• WHAT THIS TASK INVOLVES: Although the records contain pictures, none belong in the copy: restate word for word only the lines from the one with "Red 5x7 Gate" through the one with "Redo Fireplace with", both included.

• EXERCISE INPUT:

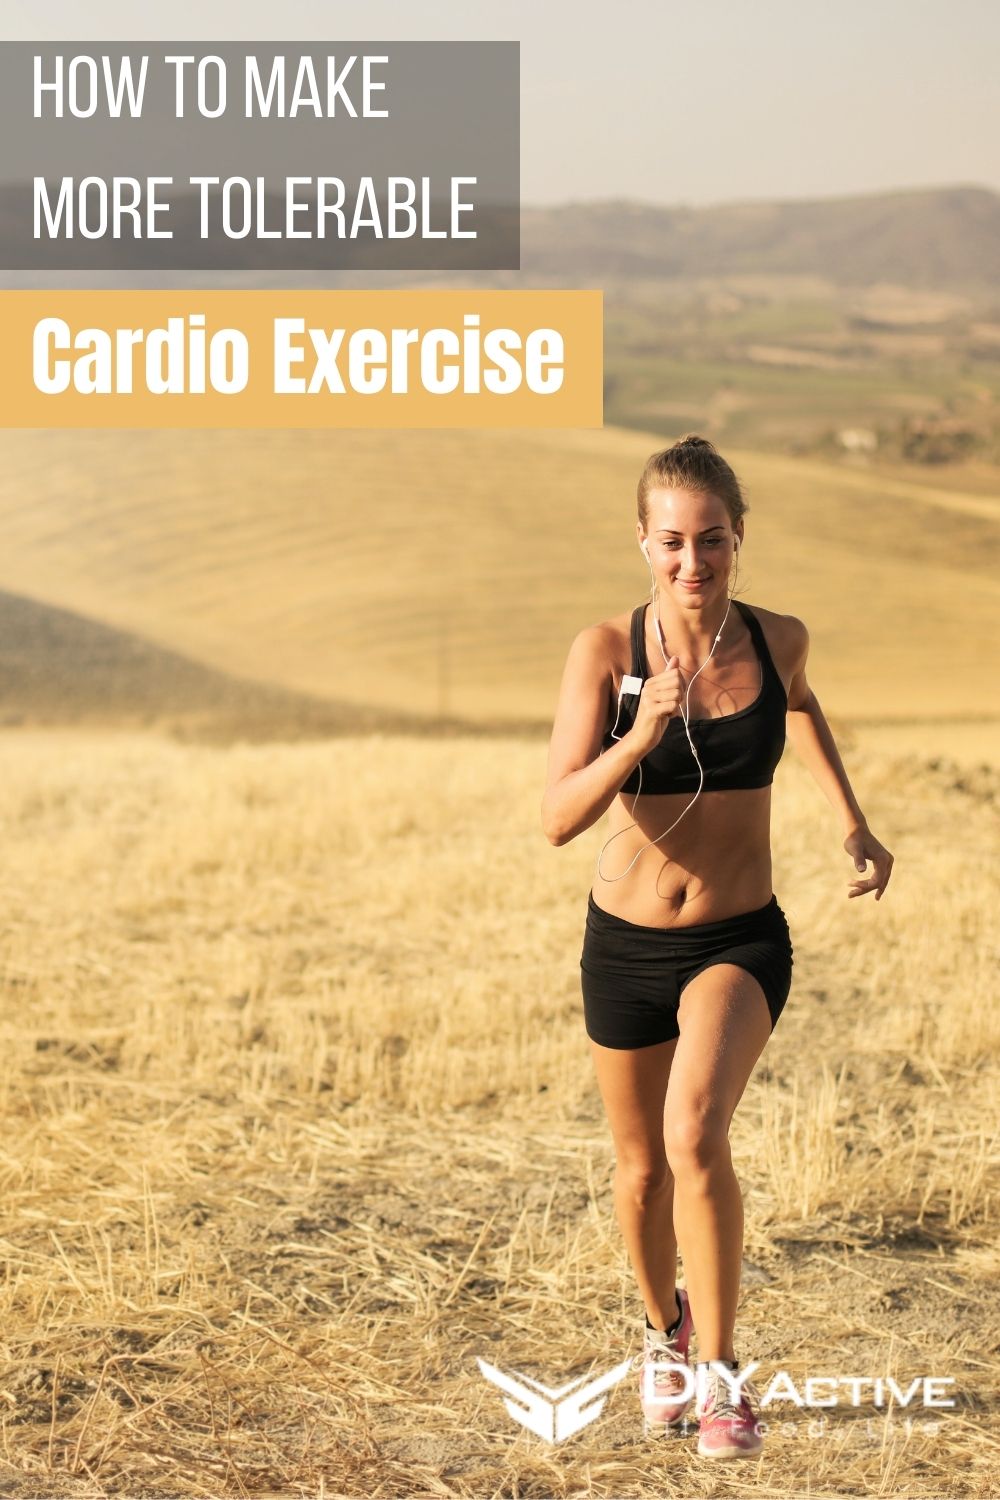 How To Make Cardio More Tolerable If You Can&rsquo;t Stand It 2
...
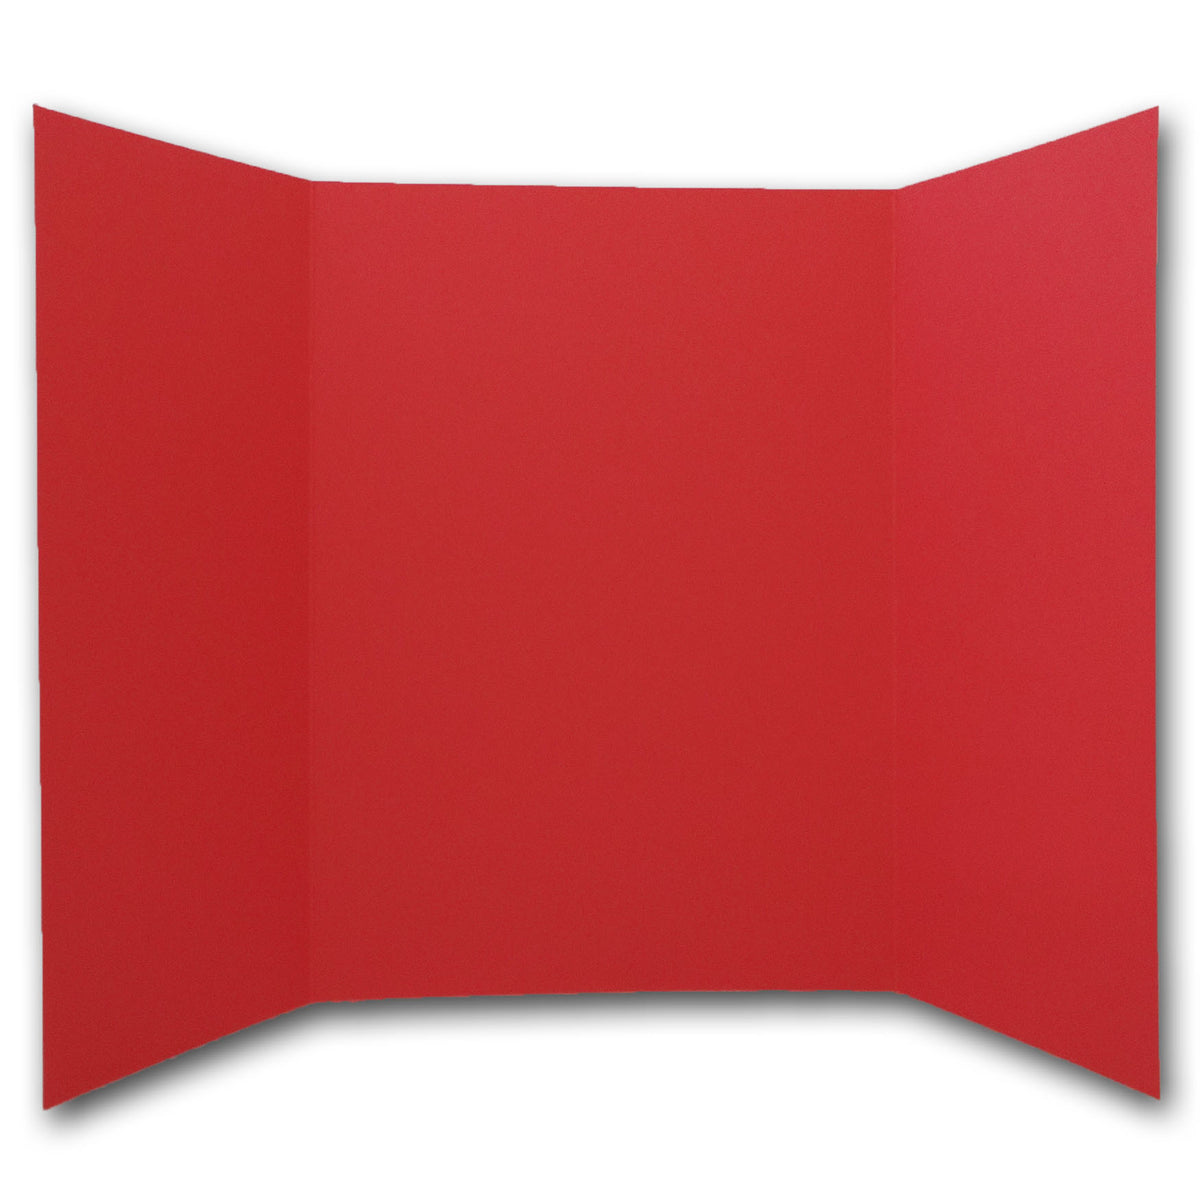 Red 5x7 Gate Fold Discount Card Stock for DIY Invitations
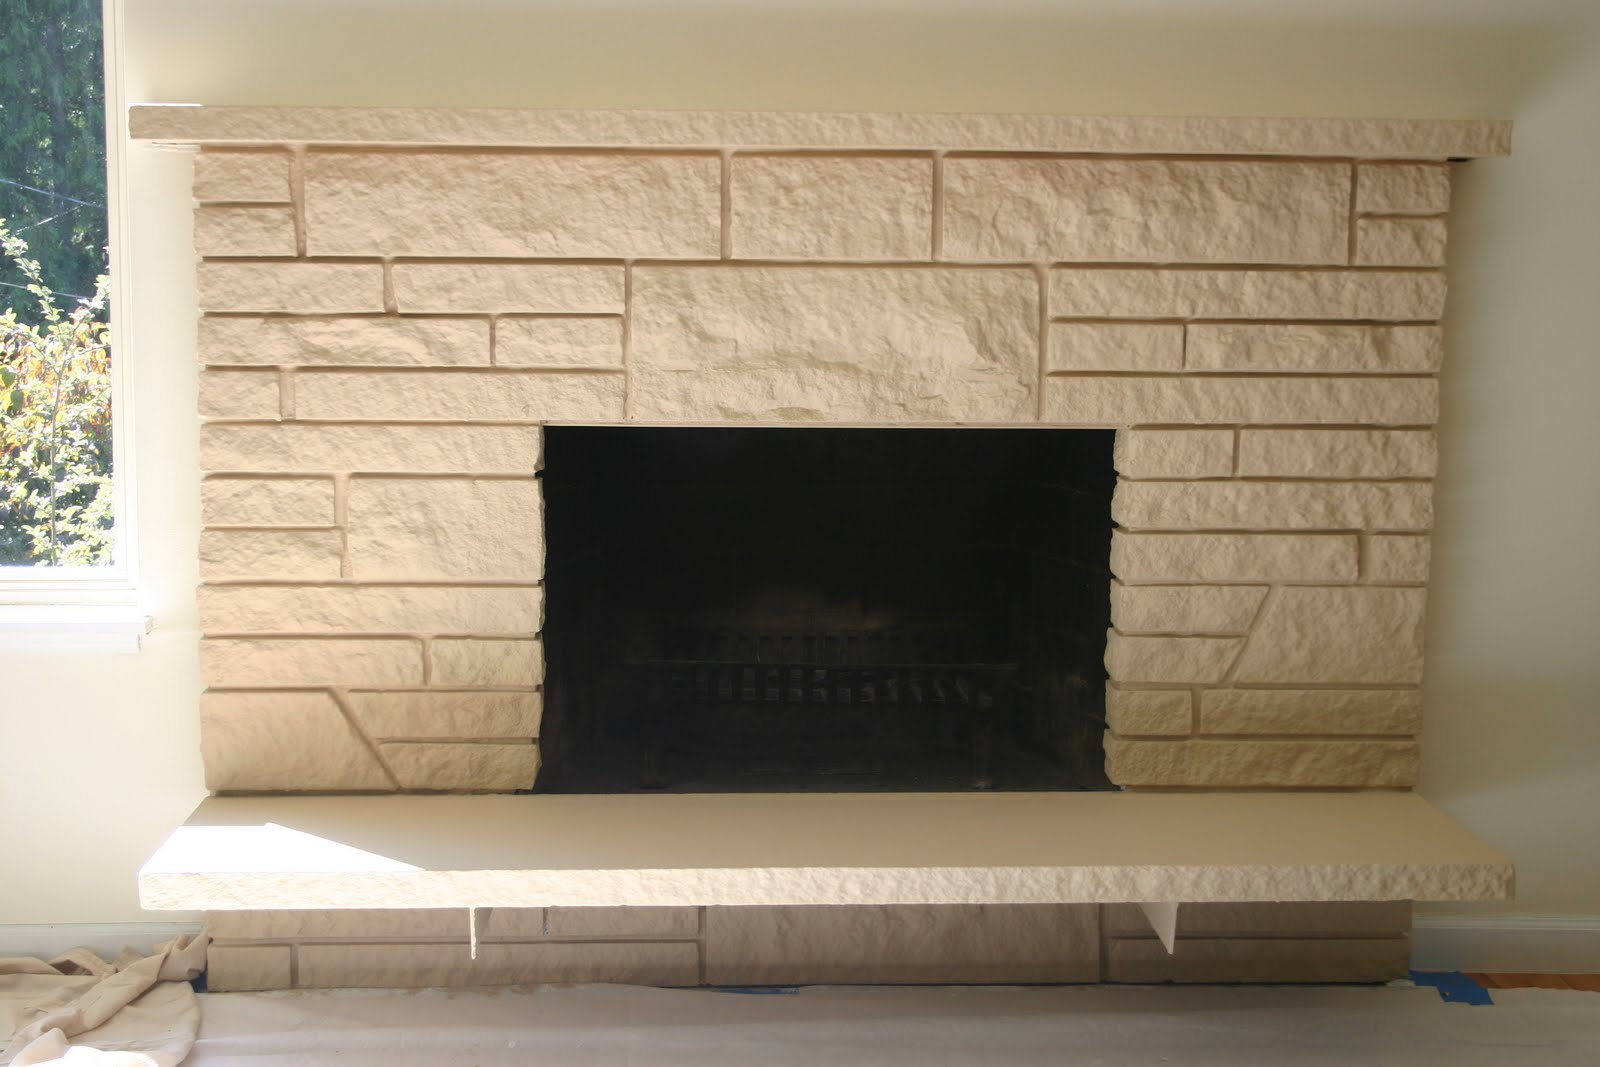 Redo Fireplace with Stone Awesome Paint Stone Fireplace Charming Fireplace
==
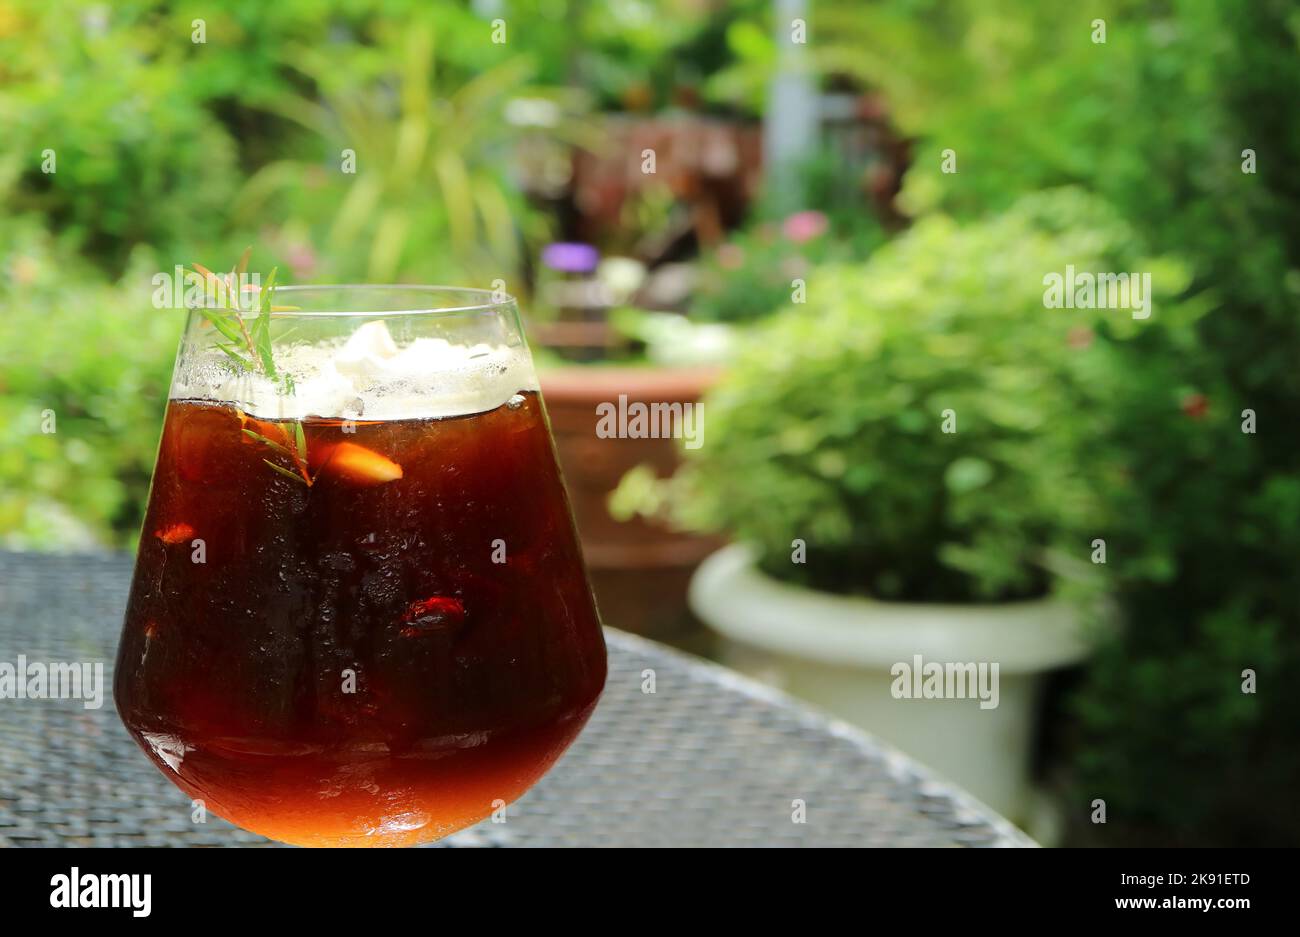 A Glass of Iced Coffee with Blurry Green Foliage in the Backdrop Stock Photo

• ANSWER FOR THE TASK:
 Red 5x7 Gate Fold Discount Card Stock for DIY Invitations
 Redo Fireplace with Stone Awesome Paint Stone Fireplace Charming Fireplace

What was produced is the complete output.